The truth is that the only “must” is to give something financially. What philanthropy means to one person can be very different to the next.
That’s why we’re often met with surprised looks when people who turn to our team for advice about giving or legacies - as they are in growing numbers - hear what they intend described as “philanthropy”. But it is.
However much money you would like to give or ring-fence, the significant question for them can often be, would they like to do something in life or death?
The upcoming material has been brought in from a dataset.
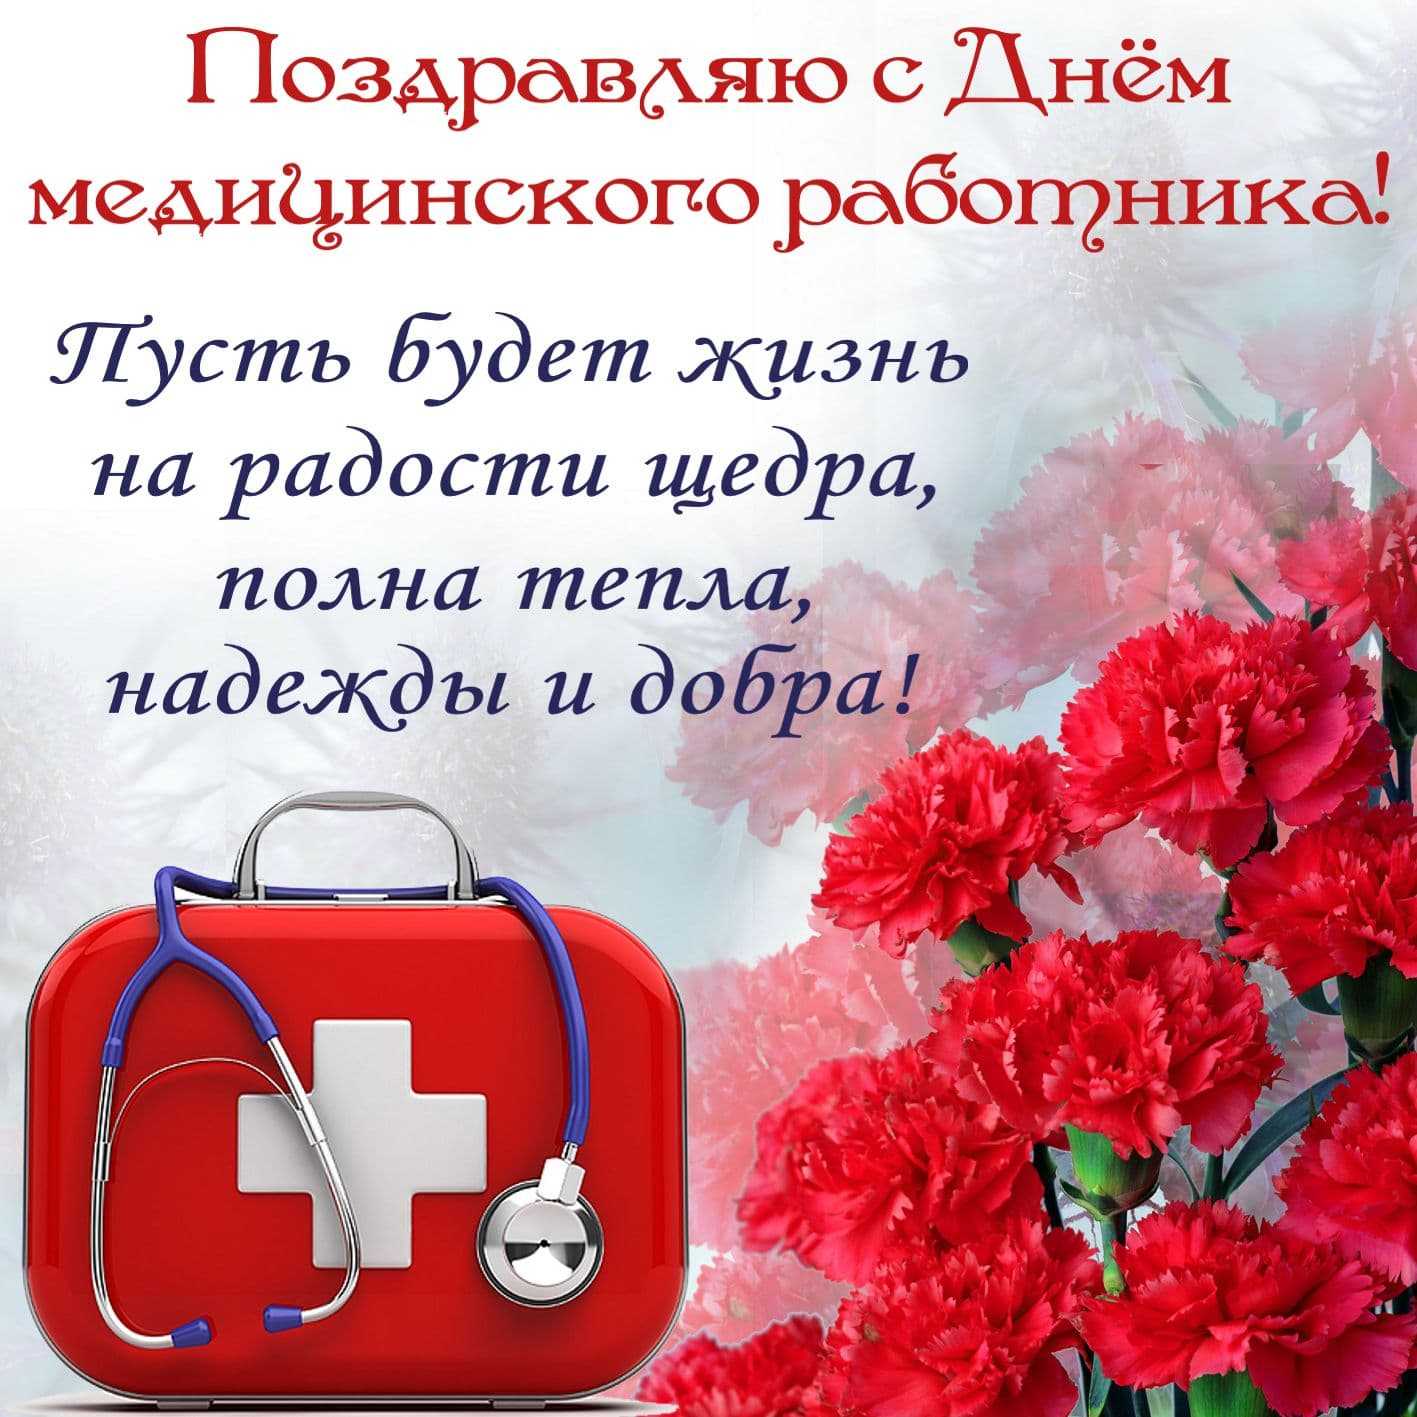 Официальные поздравления с днем медицинского работника (медикам) | всё для праздника

And it’s one around which discussion has grown amid the UK Government’s heavily debated reforms to Inheritance Tax.
Lifetime gifting might start off as a one-off donation, possibly moving to regular giving through an employer’s Payroll Giving scheme to maximise the amount donated in a tax-efficient manner, with the additional benefit of Gift Aid for the charity.
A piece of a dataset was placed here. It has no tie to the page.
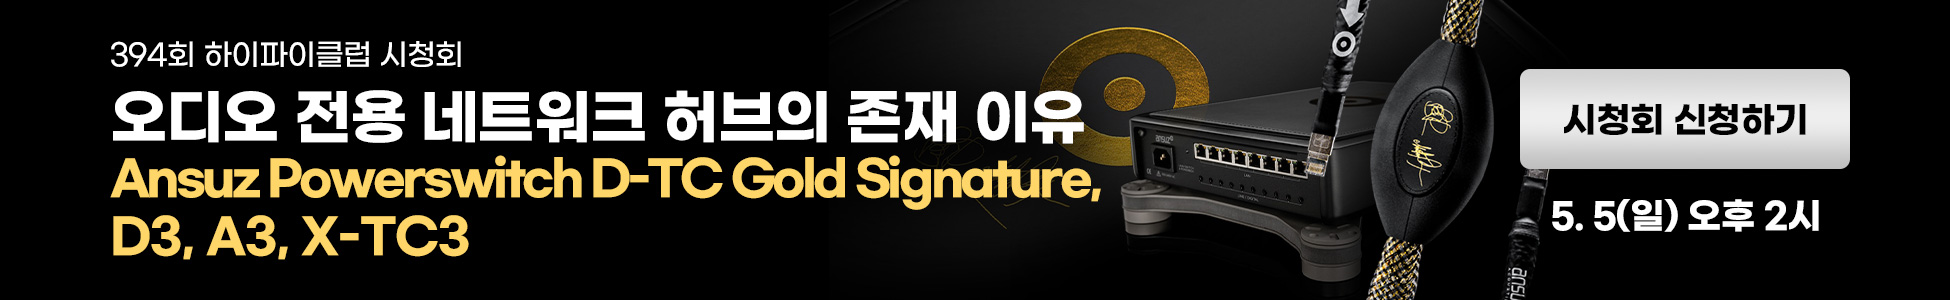 Ansuz PowerSwitch D-TC Gold Signature, D3, A3, X-TC3

This can bring income tax relief if you’re a higher-rate taxpayer - and charitable giving can reduce your estate for inheritance tax purposes. Gifts of land, property or shares to a charity are eligible for both capital gains and income tax relief.
Early conversations with solicitors and financial advisors can help establish which gifts would be most effective for you and your chosen charities.
If thinking about larger-scale donations and more sustained giving, it’s possible to set up your own charity or family foundation.
Here too, there can be tax benefits. You may also want the enjoyment of being engaged with particular causes, perhaps also involving other members of your family.
This can also be done through a Donor Advised Fund (DAF). This lesser-known alternative to establishing your own charity essentially hands over operations - with the operation defined by you - to a third-party who removes the legal and regulative responsibilities of running a charity from you. These are often via the likes of community foundations.
An alternative to lifetime giving is to do so in your Will.
You can leave a fixed amount, specific assets or the residue of your estate to one or more charities. Your legacy or bequest will either be taken off the value of your estate before inheritance is calculated or reduce your inheritance tax rate if 10% or more of your net estate is left to charity.
For most charities, the ideal legacy will be one without conditions. Any, though, should be well drafted, with the charity clearly defined, along with clauses should they merge or cease to exist.
By consulting with your chosen charity (or charities) when making your Will, you can discuss with them the best way to receive your legacy, helping them budget for the future too,
Your own tax considerations may also drive your decision, and whatever you do, a well-drafted Will is essential.
Everyone’s journey of giving is different. Experiences - often through health or personal connections - shape that. It’s important, though, not to dismiss philanthropy as being for the super-rich. It’s surprising who our philanthropists actually are.